Nanoparticles generated by PEG-Chrysin conjugates for efficient anticancer drug delivery.

Author information

1
National Engineering Research Center for Biomaterials, Sichuan University, Chengdu, China; School of Chemical Engineering, Sichuan University, Chengdu, China.
2
School of Chemical Engineering, Sichuan University, Chengdu, China. Electronic address: lisai@scu.edu.cn.
3
National Engineering Research Center for Biomaterials, Sichuan University, Chengdu, China.
4
National Engineering Research Center for Biomaterials, Sichuan University, Chengdu, China. Electronic address: bhe@scu.edu.cn.
5
National Engineering Research Center for Biomaterials, Sichuan University, Chengdu, China. Electronic address: zwgu@scu.edu.cn.

Abstract

Nanoparticle-based drug delivery systems promise the safety and efficacy of anticancer drugs. Herein, we presented a facile approach to fabricate novel nanoparticles generated by PEG-Chrysin conjugates for the delivery of anticancer drug doxorubicin. Chrysin was immobilized on the terminal group of methoxy poly(ethylene glycol) (mPEG) to form mPEG-Chrysin conjugate. The conjugates were self-assembled into nanoparticles. Doxorubicin (DOX) was loaded in the nanoparticles. The self-assembly, drug release profiles, interactions between nanoparticle and drug, cellular uptake and in vitro anticancer activity of the DOX loaded nanoparticles were investigated.
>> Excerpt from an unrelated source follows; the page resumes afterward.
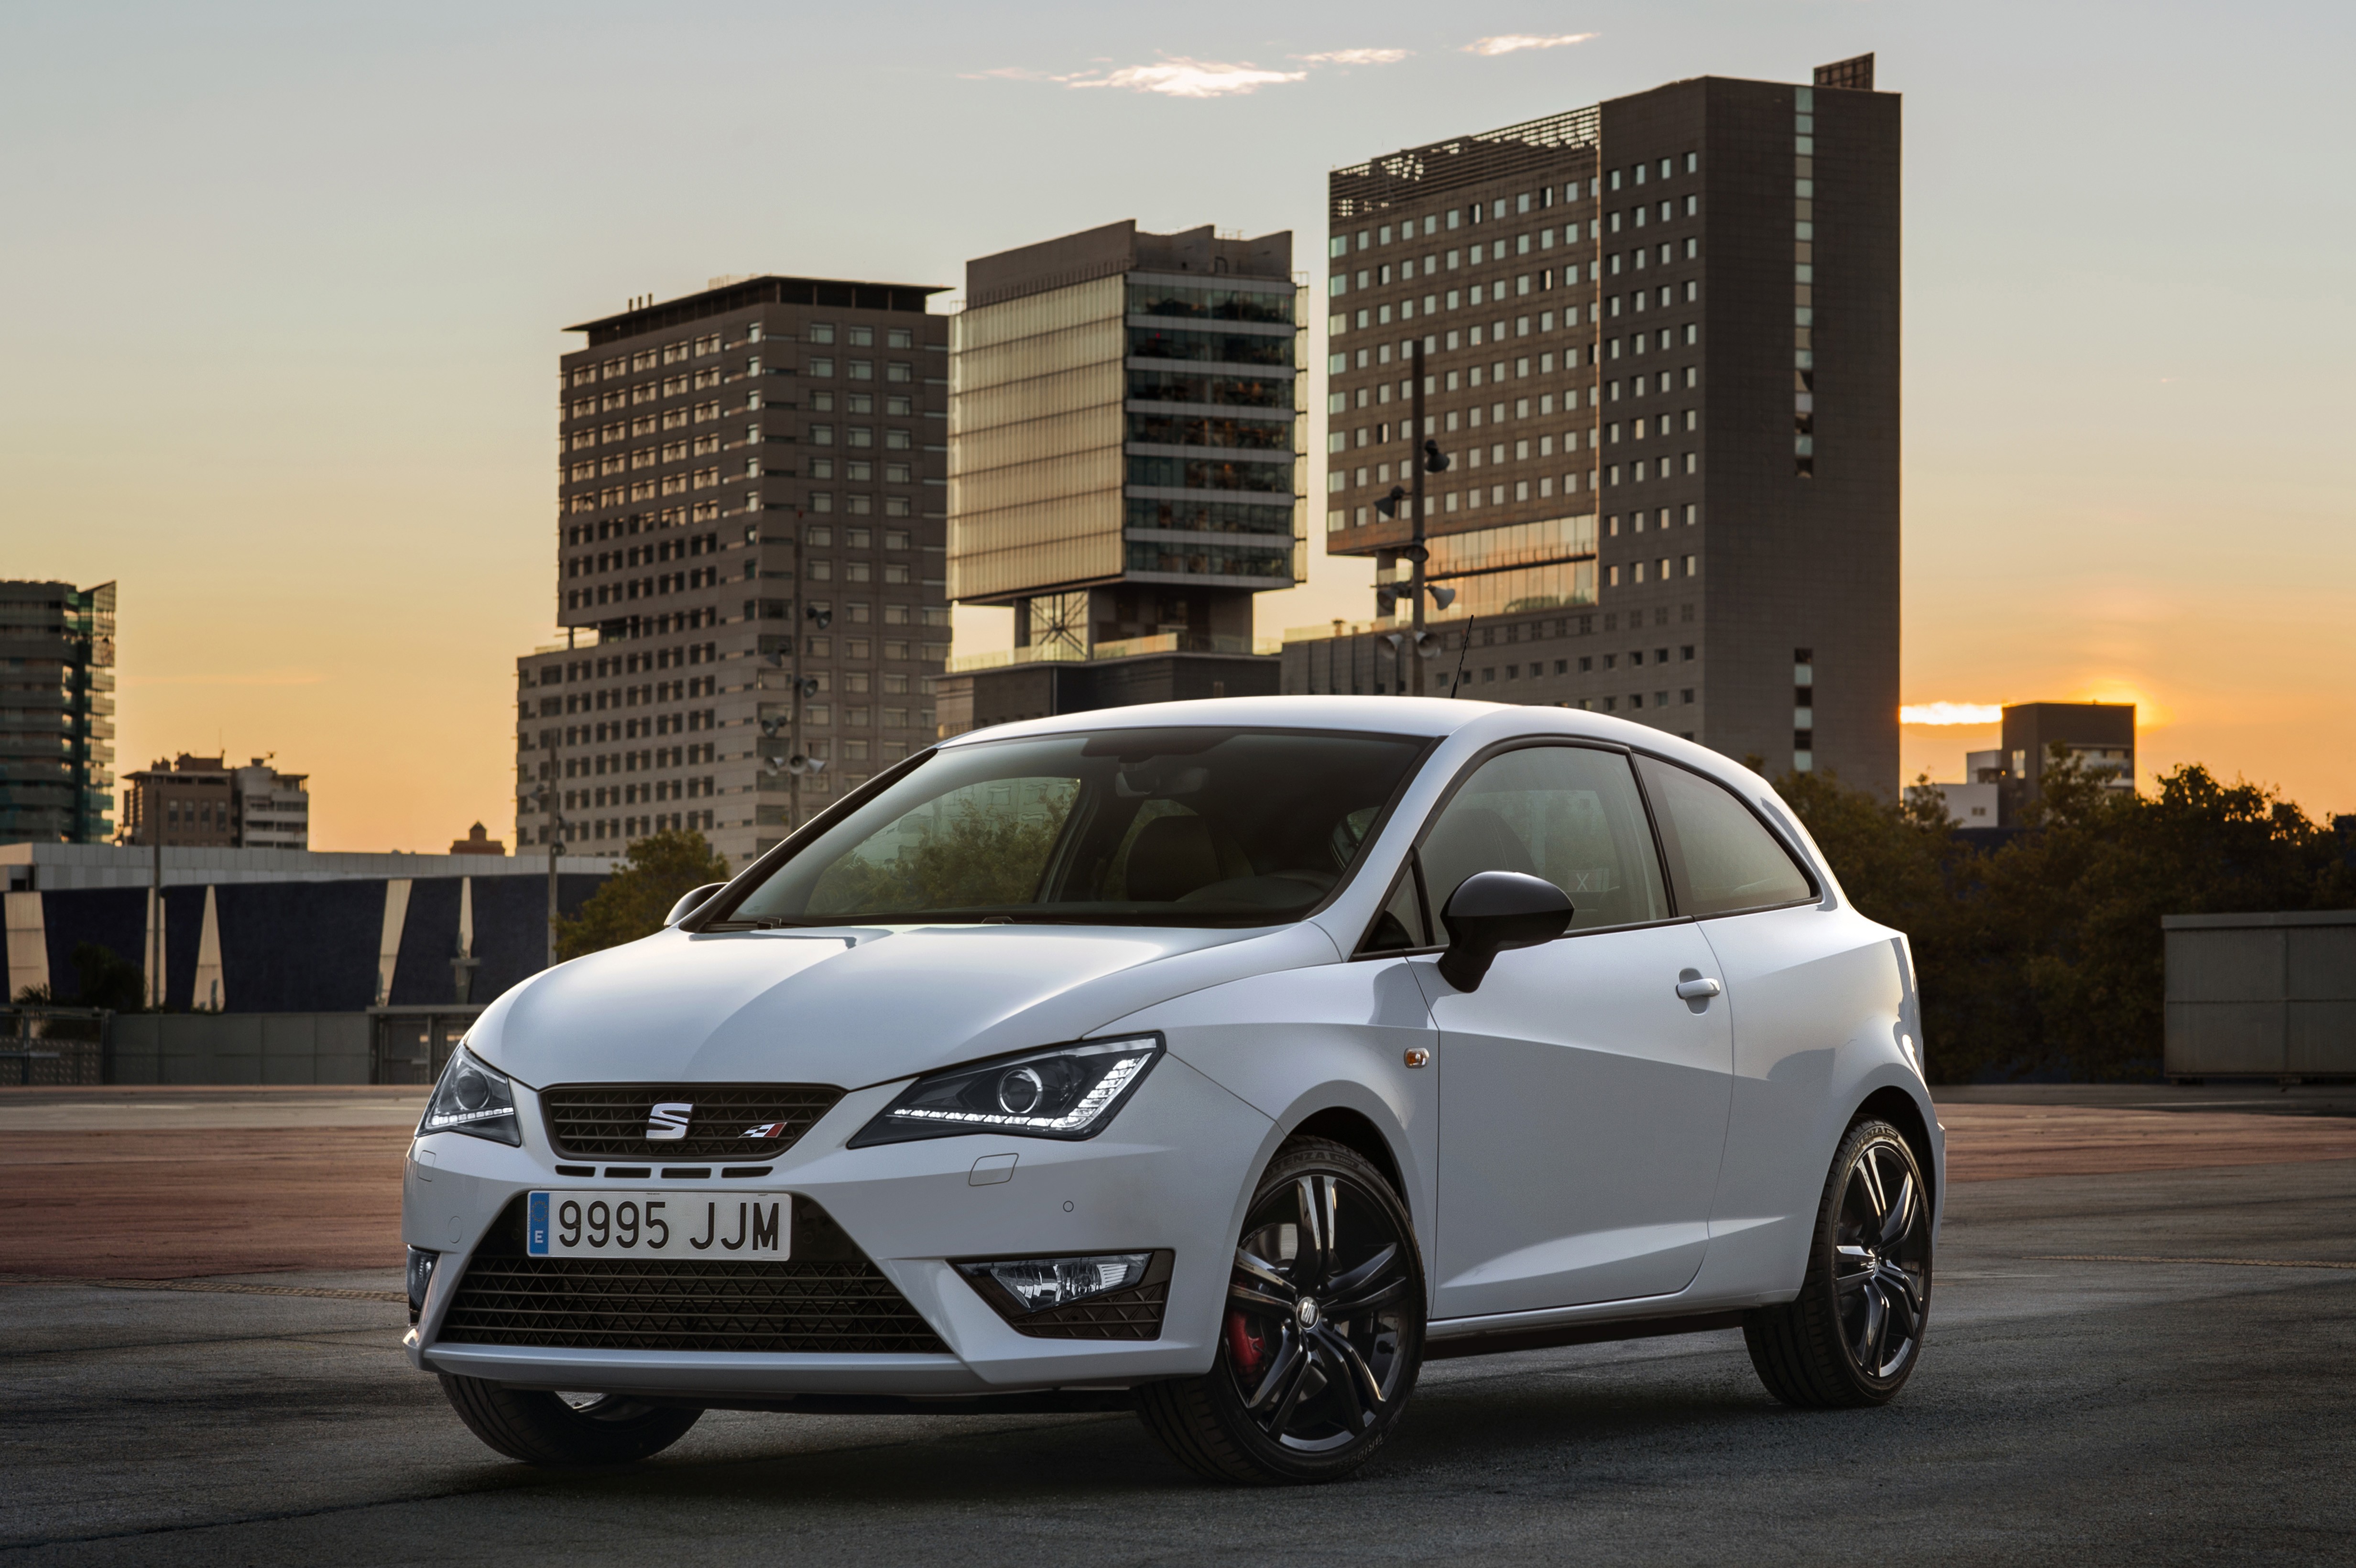 2016 SEAT Ibiza Cupra Does 100 KM/H in 6.7s Thanks to 1.8L Turbo Engine

The results showed that the mean diameters of drug loaded nanoparticles were below 200 nm. Strong π-π stacking interaction was tested within the drug loaded nanoparticles. The drug release rate was closely related to the chain length of PEG, shorter PEG chain resulted faster release. The mPEG-Chrysin conjugate was non-toxic to both 3T3 fibroblasts and HepG2 cancer cells. The cellular uptake measurements demonstrated that the mPEG1000-Chrysin nanoparticles exhibited higher capability in endocytosis. The IC50 of drug loaded mPEG1000-Chrysin nanoparticles was 4.4 μg/mL, which was much lower than that of drug loaded mPEG2000-Chrysin nanoparticles (6.8 μg/mL). These nanoparticles provided a new strategy for fabricating antitumor drug delivery systems.

KEYWORDS:

Anticancer activity; Doxorubicin; Drug delivery; Nanoparticles; mPEG-Chrysin conjugate; π–π Stacking interaction

PMID:
24691159
DOI:
10.1016/j.ejpb.2014.03.011
[Indexed for MEDLINE]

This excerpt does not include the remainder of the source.